Jul 22, 2009 22:50
Had a couple interviews today, and one more to go. I feel interviewed out. Mostly I feel dumb for screwing up which interview was given to me in Eastern Time. It wasn't smart to schedule three interviews on one day anyhow, but three different people said "When can you interview?" and I said "Monday Tuesday or Wednesday", when they were all empty, and then everybody miraculously picked Wednesday. Oh, actually that's not true. One person picked Tuesday and then erased my name from the board and then went on Wednedsay. This was Eastern Time Zone person. I got Eastern Time Zone person mixed up with Central Time Zone person, and then expected Central Time Zone person's interview and hour early. Then I scheduled another Central Time Zone person an hour and a half after Central-Time-Zone who I thought was Eastern-Time-Zone. And really they're ALL in Korea on +14 hours time zone, so they don't know why I'm confused in the first place. ACK.
Anyway I'm struggling through brain time zone holes, and working with the Somali girls. Today I was a little tired. I didn't bike much between Wednesday last and this Wednesday, so I think I tuckered myself out upon arrival. The babies were adorable as always. One is learning to walk.
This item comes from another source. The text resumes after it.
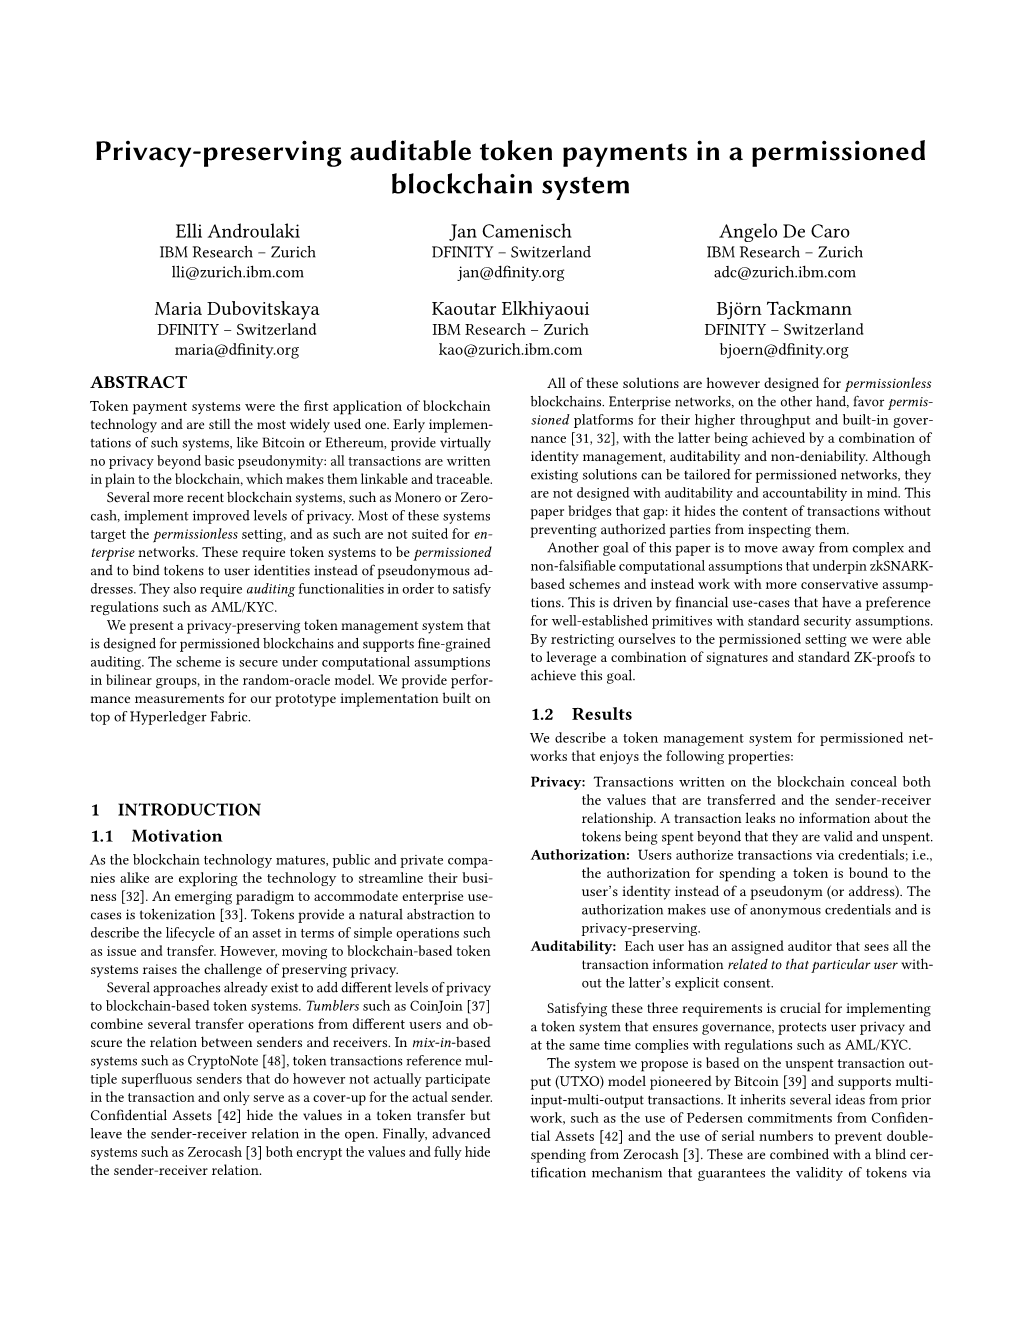 Privacy-Preserving Auditable Token Payments in a Permissioned Blockchain System

They call her the fish because she wriggles around all the time. She's like... destructo baby. She is already climbing and she can barely take a few steps. She's going to be really crazy, I can tell. It's exciting, but also kind of ridiculous. Her sister is also a big trouble maker, but she gets this mischievous look on her face. She's too cute. She also wears home made hijabs that definitely look like old t shirts.
I love that the kids look like their parents. So frequently it's in the eyes. They look so much like their moms in their eyes. Boys, girls, both--their eyes are their Mom's eyes. It's so cool.
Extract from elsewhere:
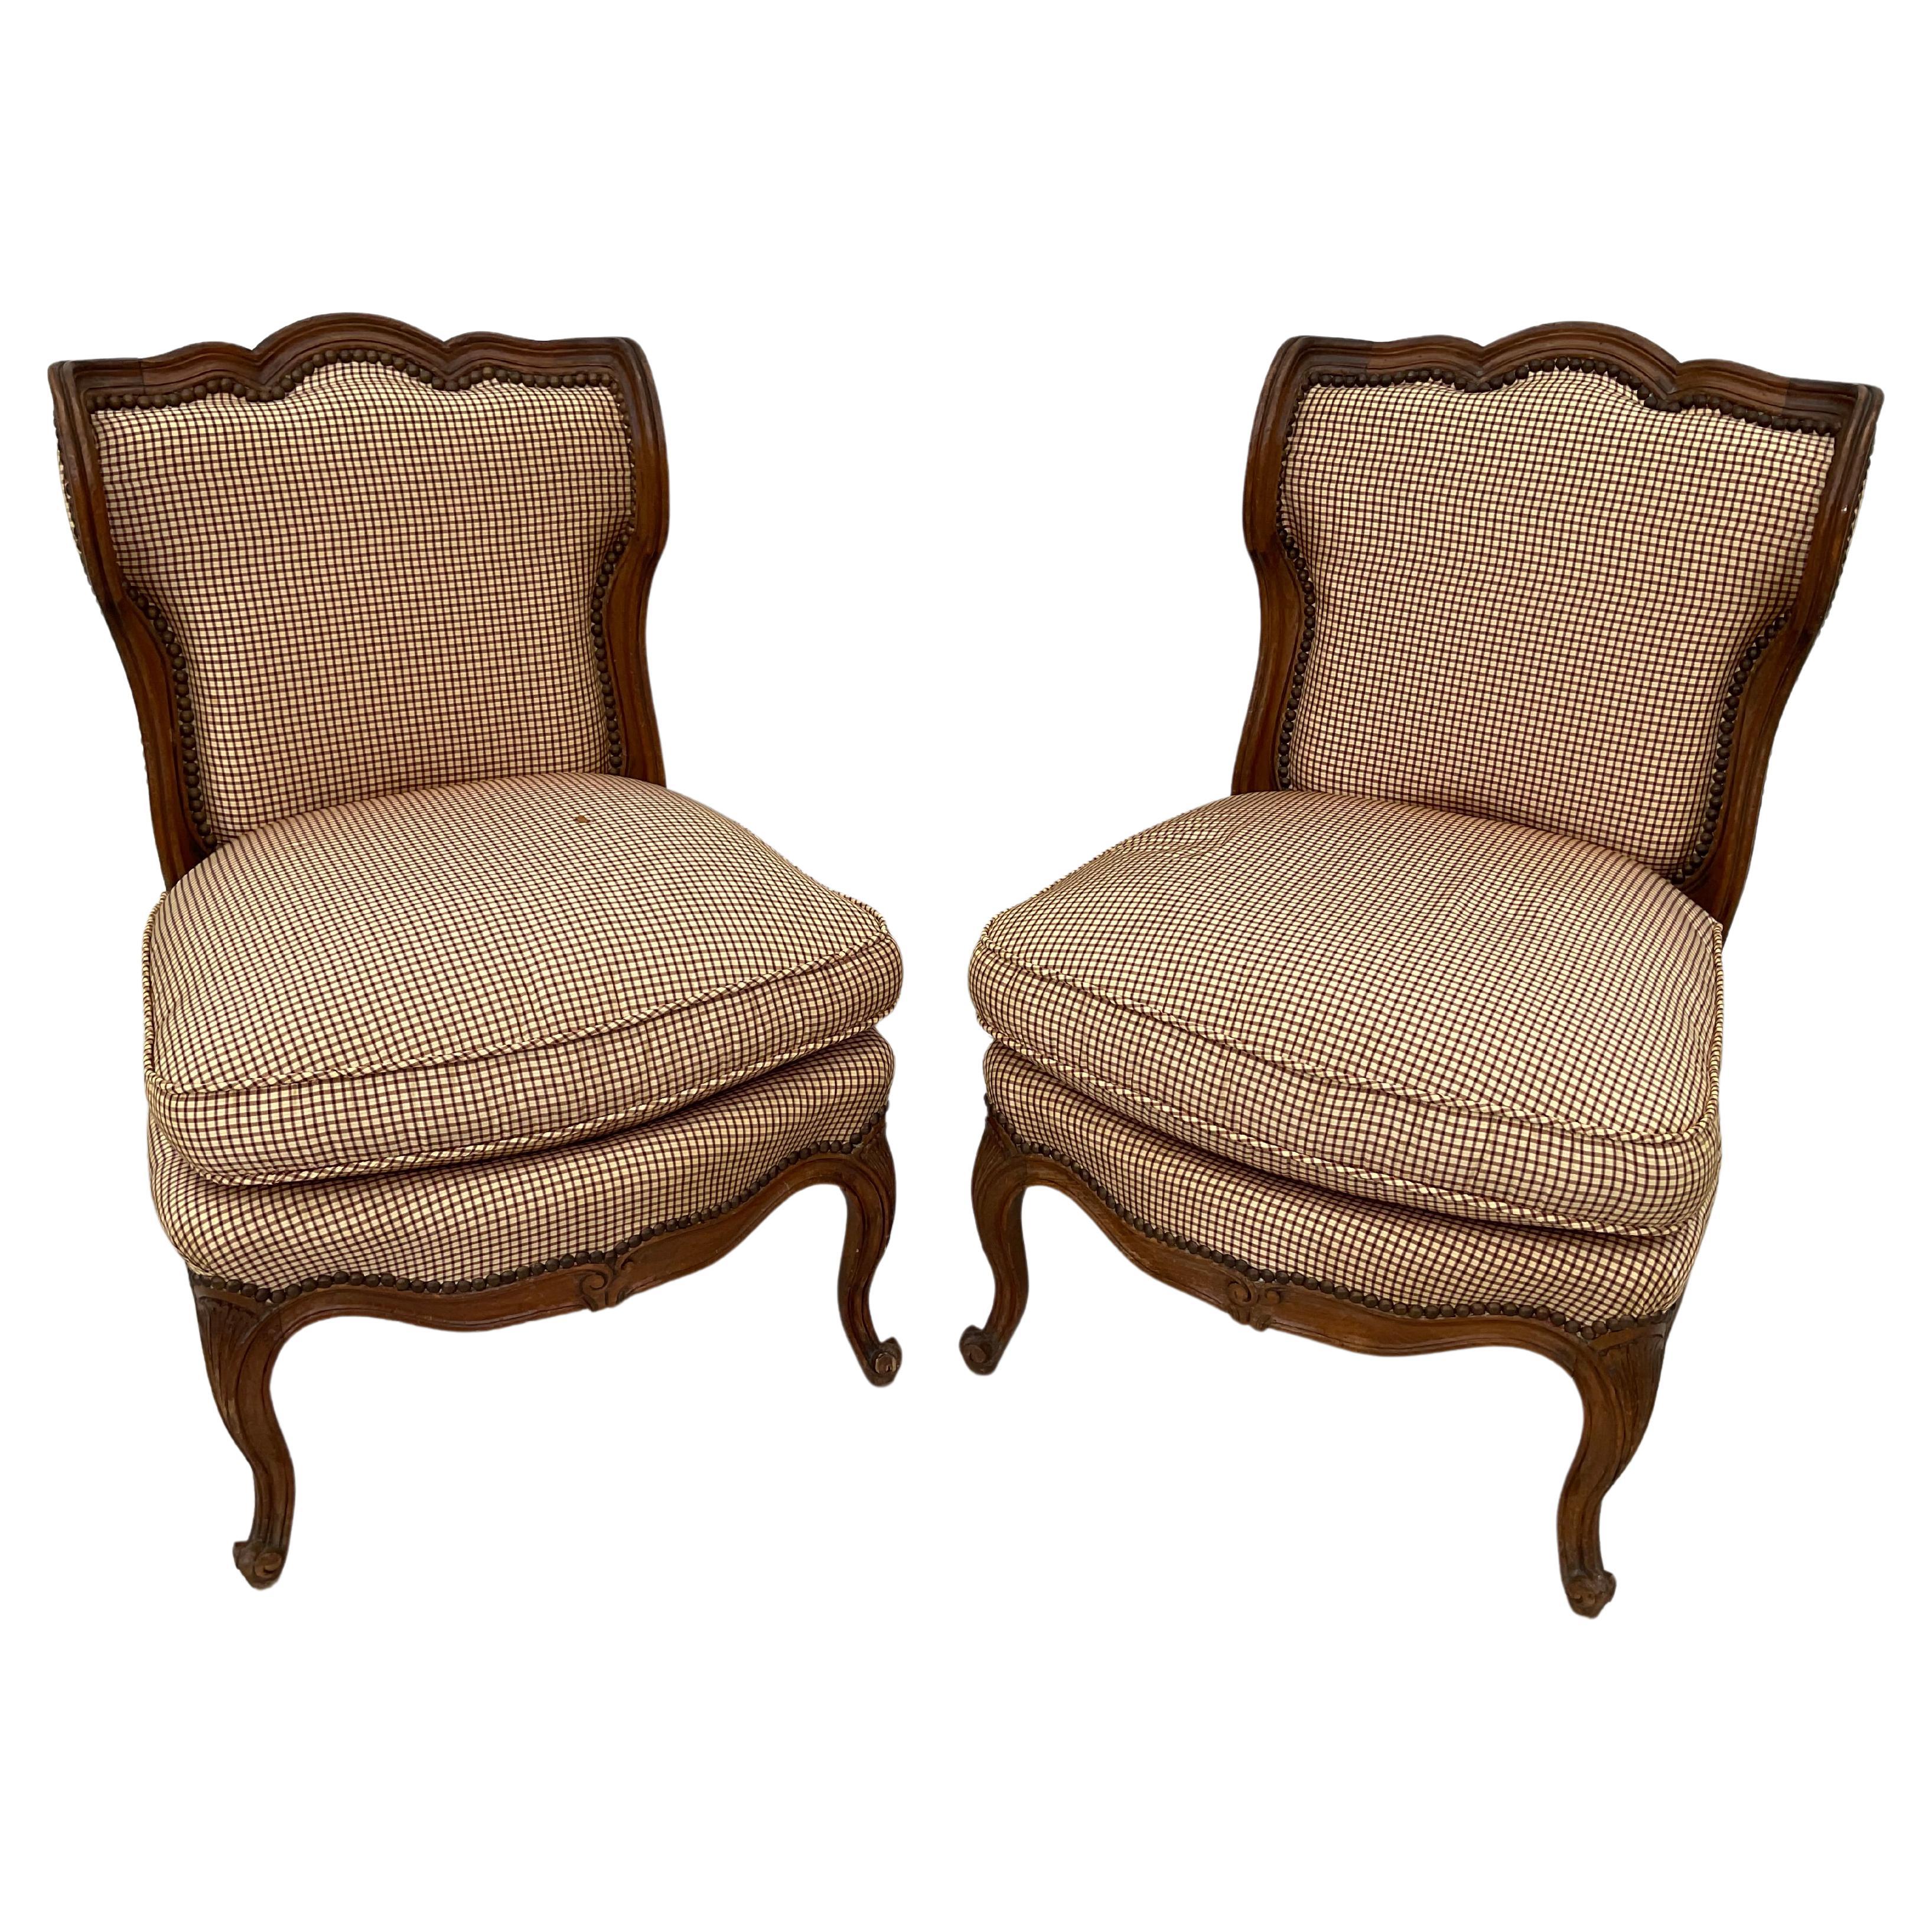 French Provincial Pair Of French Country Slipper Chairs For Sale

I will be sad when I have to leave them, but new adventures are awaiting me. I really am looking forward to being able to speak Korean. I also have it on good authority that there ARE Africans in Korea! (Also that one was extremely rude to another American? I hope that was just the once.) I have been missing Ghana lately. I mean that might be because it is something I know and understand, versus the relative unknown of living in Korea. I don't have a job yet, but even without a real job, the truth of it is that this is one whole year of my life. The memories of Ghana WILL fade. I know that I want to go back to that country. I think about making trips in trotros to go to MaxMart, of learning the ropes of simple haggling, of how nice it was to run into people I knew at Madina--feeling humbled 98% of the time. It's something I know. It's something I understand. But I also know that Korea can't replace it. If I go there, something will be lost in the whirlwinds of memories. I won't remember what it feels like to look for certain products, or to try and cook, or to buy certain outfits because of the heat. There are a lot of things that I will have to learn differently. I wonder if there is only room in my world for one "gear shift". I learned, slowly but surely, how to shift into Ghana-mode. What if Korea-mode replaces Ghana-mode, and I lose it? Do I want that, or should I worry?
I've been feeling more laid back about these kinds of questions, even though they drift around in my mind. A small voice keeps saying: you just do the best you can, and trust in yourself. I guess I am better off now a days because I'm not driving myself crazy with overwork.
Anyway. One more thing to do tonight and then I am ready for bed. Woot.